[Start of section]
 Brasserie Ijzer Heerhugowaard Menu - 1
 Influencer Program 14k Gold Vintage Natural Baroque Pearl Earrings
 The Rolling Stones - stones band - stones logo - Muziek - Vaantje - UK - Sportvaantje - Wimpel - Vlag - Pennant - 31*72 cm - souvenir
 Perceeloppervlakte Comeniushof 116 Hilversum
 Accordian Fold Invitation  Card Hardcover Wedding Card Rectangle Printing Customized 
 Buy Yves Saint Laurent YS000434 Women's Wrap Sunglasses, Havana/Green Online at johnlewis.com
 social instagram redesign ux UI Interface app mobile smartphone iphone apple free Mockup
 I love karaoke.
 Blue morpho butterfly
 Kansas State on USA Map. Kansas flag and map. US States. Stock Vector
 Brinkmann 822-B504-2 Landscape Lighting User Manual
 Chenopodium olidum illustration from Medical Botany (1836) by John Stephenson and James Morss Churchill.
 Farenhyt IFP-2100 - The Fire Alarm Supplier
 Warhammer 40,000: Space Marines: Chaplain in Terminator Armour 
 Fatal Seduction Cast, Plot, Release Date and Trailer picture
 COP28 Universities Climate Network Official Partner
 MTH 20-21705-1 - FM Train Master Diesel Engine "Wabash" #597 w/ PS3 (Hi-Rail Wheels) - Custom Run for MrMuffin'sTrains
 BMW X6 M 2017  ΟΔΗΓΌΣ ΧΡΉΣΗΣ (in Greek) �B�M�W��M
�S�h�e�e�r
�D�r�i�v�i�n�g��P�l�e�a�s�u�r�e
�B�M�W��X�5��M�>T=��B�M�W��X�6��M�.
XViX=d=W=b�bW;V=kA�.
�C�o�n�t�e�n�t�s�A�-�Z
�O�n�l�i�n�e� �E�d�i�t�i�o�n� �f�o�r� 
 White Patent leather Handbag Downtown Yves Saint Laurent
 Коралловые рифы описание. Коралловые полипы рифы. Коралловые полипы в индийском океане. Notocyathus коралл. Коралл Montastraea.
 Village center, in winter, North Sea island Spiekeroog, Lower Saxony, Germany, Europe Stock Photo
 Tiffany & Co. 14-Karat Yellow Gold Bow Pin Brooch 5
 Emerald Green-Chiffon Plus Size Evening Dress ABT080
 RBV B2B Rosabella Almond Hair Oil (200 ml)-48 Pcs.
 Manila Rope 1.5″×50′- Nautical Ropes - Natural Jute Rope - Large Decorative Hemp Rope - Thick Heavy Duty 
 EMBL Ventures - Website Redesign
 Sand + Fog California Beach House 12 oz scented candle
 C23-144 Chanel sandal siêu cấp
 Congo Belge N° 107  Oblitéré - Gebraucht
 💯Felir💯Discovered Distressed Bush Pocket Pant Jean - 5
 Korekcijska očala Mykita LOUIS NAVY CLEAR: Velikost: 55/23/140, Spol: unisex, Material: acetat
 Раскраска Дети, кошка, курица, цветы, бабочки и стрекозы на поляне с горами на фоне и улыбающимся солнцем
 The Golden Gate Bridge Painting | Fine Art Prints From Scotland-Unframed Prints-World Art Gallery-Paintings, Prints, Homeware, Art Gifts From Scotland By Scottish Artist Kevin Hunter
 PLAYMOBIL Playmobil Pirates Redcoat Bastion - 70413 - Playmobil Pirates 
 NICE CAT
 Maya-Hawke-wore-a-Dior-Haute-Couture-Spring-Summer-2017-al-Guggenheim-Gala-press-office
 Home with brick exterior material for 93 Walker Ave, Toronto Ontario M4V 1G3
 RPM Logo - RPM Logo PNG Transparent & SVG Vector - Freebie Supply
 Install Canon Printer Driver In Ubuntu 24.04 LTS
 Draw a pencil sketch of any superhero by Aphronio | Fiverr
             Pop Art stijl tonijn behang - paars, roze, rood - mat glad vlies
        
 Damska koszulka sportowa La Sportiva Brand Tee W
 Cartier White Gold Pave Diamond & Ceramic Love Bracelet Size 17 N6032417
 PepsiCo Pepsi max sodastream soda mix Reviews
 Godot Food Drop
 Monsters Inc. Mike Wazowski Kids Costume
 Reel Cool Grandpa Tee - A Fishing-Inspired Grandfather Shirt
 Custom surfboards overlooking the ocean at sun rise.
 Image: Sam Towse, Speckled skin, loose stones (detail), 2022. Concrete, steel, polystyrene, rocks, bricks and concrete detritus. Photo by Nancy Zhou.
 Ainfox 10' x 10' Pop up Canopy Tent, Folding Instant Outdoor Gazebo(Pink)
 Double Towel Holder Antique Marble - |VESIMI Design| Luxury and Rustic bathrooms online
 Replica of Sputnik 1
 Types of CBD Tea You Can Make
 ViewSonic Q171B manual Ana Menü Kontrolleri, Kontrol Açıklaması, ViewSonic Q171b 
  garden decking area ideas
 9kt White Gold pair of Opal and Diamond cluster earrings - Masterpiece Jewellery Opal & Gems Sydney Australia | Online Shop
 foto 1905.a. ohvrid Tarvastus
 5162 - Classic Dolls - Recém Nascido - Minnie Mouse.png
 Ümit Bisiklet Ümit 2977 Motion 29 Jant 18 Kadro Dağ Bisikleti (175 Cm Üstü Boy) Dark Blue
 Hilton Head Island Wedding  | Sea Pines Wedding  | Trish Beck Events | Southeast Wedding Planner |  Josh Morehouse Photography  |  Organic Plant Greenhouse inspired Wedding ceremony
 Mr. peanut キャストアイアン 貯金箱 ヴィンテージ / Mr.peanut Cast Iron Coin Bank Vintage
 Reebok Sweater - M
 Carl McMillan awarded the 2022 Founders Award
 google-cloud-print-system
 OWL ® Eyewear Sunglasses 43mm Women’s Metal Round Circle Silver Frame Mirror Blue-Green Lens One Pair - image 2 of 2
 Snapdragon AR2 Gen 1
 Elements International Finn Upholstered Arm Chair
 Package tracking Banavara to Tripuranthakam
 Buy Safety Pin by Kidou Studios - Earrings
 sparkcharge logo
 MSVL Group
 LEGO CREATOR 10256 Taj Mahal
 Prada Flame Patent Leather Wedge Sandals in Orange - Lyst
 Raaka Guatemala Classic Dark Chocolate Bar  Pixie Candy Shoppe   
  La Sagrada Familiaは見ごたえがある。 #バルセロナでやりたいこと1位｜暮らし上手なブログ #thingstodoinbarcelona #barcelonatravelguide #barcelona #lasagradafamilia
[End of section]
• Exercise description:
The sole thing to report is how many lines in the data hold the string "Laurent".

• Response:
2